Clonal evolution and clonal dominance will be important considerations in precision medicine as an increasing repertoire of mutations becomes “actionable.” However, it is necessary to discriminate between the importance of subclonality with regard to precision medicine and prognostication.
A mutation that is associated with an inferior outcome but is present only in a subclone may still maintain its prognostic value. This is because investigators often do not discriminate between clonal and subclonal events when identifying associations with prognosis. In addition, adverse mutations residing within a subclone are likely to be associated with inferior outcome because of their role in therapeutic resistance and/or increased clonal fitness, which are functions that can facilitate clonal expansion and disease progression regardless of the initial size of the subclone within the total tumor cell pool.

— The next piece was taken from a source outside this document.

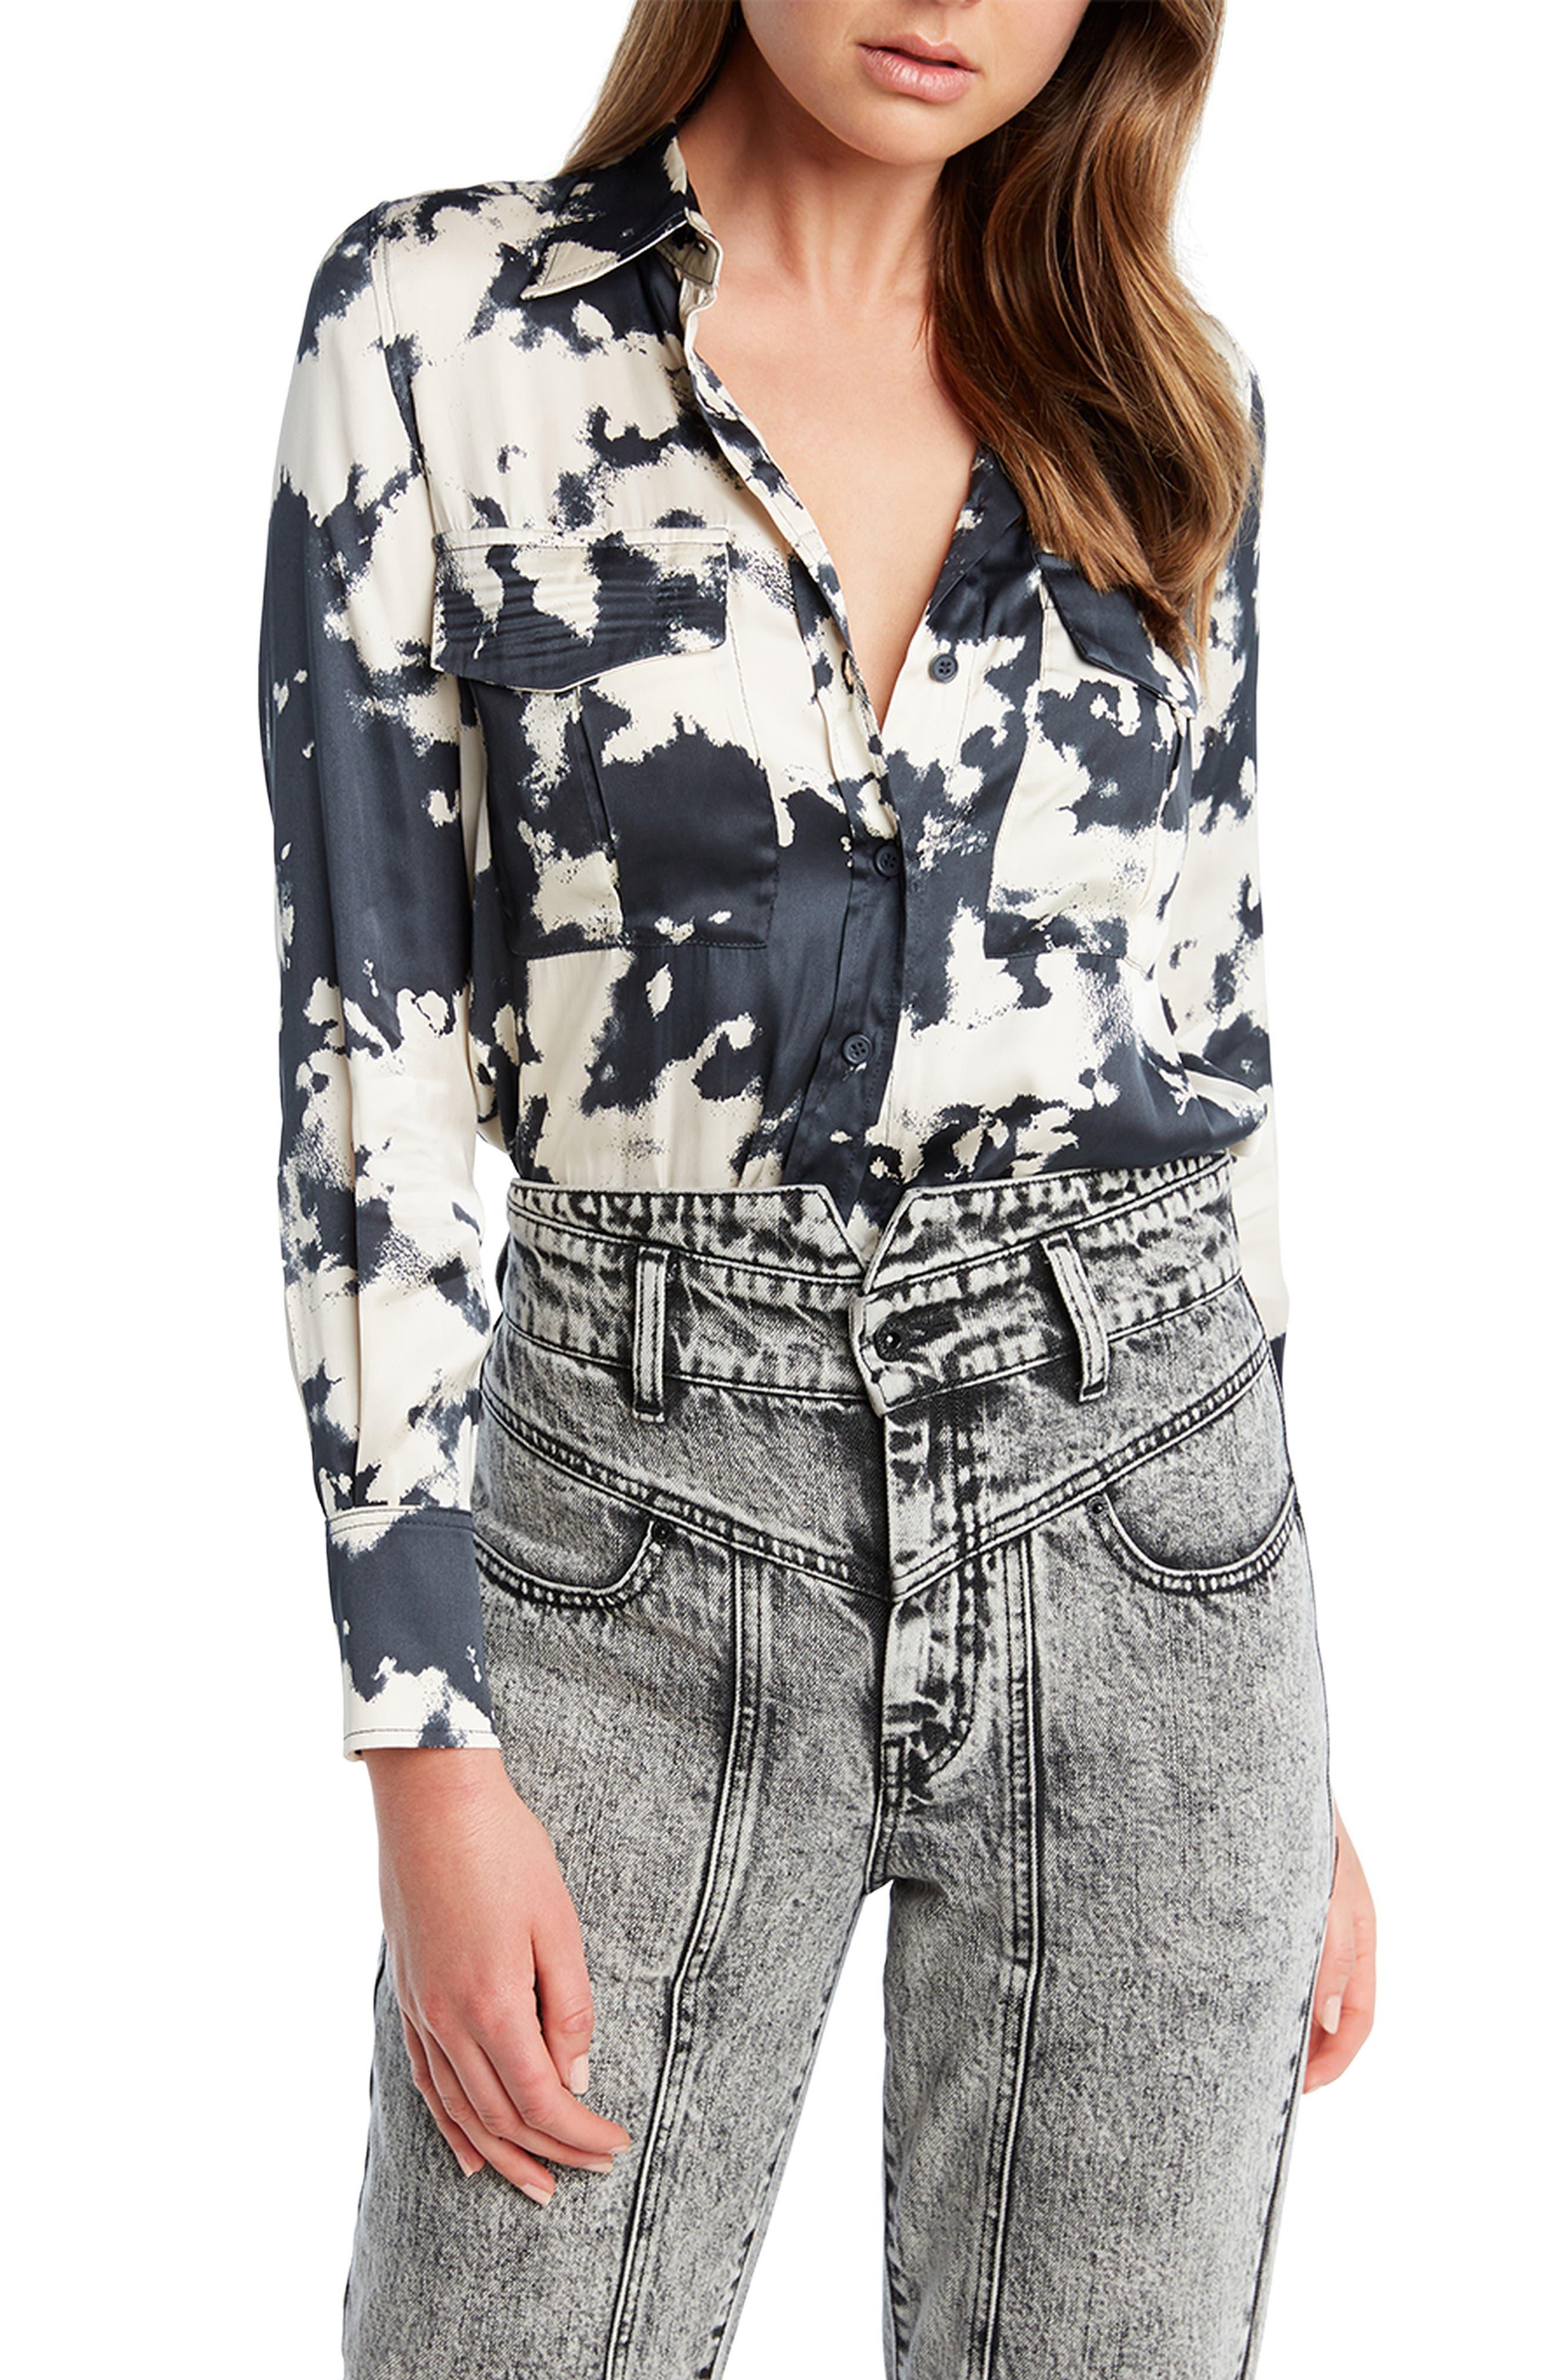 Tie Dye Print Button Up Blouse by Bardot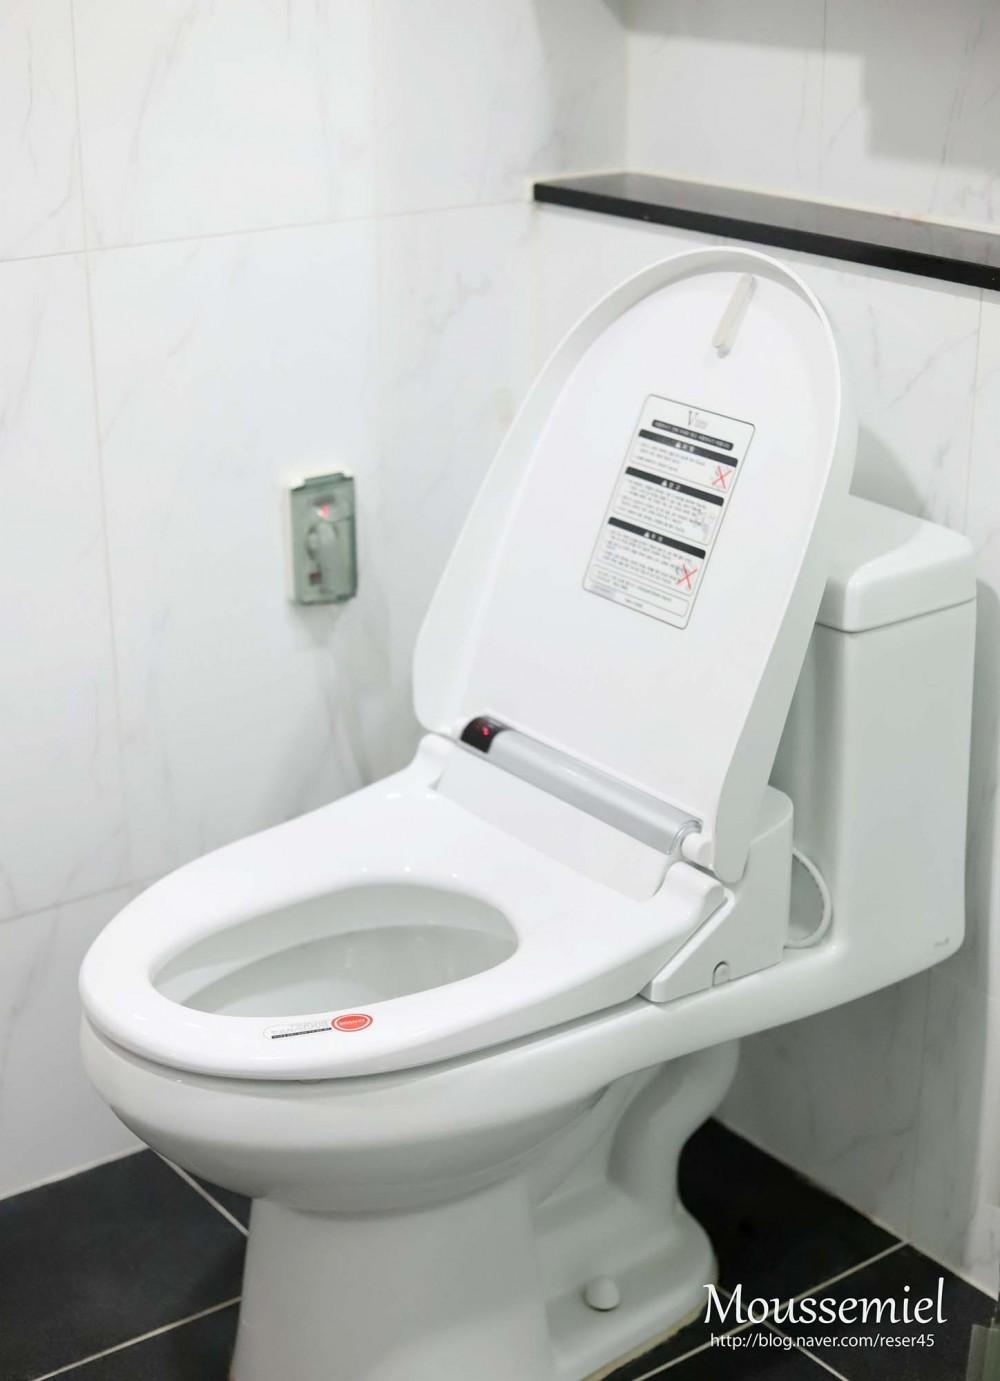 Full Size of Dusch Wc Aufsatz Vovo Vb4100s Bodengleiche Dusche Fliesen Komplett Set Grohe Glasabtrennung Badewanne Mit Einbauen Behindertengerechte Bodengleich Thermostat Dusche Dusch Wc Aufsatz

Accurate assessment of the clonal representation of mutations will require a method for estimating the total tumor content of samples that are submitted for sequencing, so the variant allele frequency can be normalized to the estimated fraction of tumor cells present within the sample. This can be achieved by pathology review of sections prior to DNA extraction, but this approach is cumbersome and therefore unlikely to become standard practice. New approaches are therefore required for automated tumor content assessment, but, until the time that such technology is available, variant allele frequencies should nonetheless be reported and used in the interpretation of sequencing results. Furthermore, the credential of “early driver mutations” should be used to prioritize therapeutic targets for drug development and “actionable” mutations for clinical decision-making. ■
Disclosure: Dr. Green reported no potential conflicts of interest.
Dr. Green is Associate Professor at Eppley Institute for Research in Cancer and Allied Diseases at the University of Nebraska Medical Center in Omaha.
Disclaimer: This commentary represents the views of the author and may not necessarily reflect the views of ASCO.